TRY IT. Determine how many lines in the records hold "Gold", then give that number by itself.

RECORDED INFORMATION.
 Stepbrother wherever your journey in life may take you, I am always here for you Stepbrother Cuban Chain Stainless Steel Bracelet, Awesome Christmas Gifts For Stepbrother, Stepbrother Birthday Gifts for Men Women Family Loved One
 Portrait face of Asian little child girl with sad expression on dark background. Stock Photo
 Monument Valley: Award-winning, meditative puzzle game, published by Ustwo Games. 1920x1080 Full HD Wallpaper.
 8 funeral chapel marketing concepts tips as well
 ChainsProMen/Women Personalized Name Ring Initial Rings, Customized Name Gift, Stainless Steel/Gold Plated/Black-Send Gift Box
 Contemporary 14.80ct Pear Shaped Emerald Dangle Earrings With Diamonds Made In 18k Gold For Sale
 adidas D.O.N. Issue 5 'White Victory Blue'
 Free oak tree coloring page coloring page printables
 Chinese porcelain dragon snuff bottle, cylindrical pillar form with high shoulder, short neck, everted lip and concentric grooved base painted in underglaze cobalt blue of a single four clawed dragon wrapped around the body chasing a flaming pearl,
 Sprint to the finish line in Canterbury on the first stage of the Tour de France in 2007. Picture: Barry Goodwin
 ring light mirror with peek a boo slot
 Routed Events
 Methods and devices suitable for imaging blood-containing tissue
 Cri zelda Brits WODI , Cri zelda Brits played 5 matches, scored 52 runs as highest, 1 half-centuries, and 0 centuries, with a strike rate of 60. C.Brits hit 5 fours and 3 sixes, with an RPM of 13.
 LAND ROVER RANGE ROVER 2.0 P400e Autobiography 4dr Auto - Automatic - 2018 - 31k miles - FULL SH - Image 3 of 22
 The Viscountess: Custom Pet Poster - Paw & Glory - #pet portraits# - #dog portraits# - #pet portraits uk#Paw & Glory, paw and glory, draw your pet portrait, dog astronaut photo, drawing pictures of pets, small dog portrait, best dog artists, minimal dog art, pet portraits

RESPONSE FOR THIS EXERCISE. 2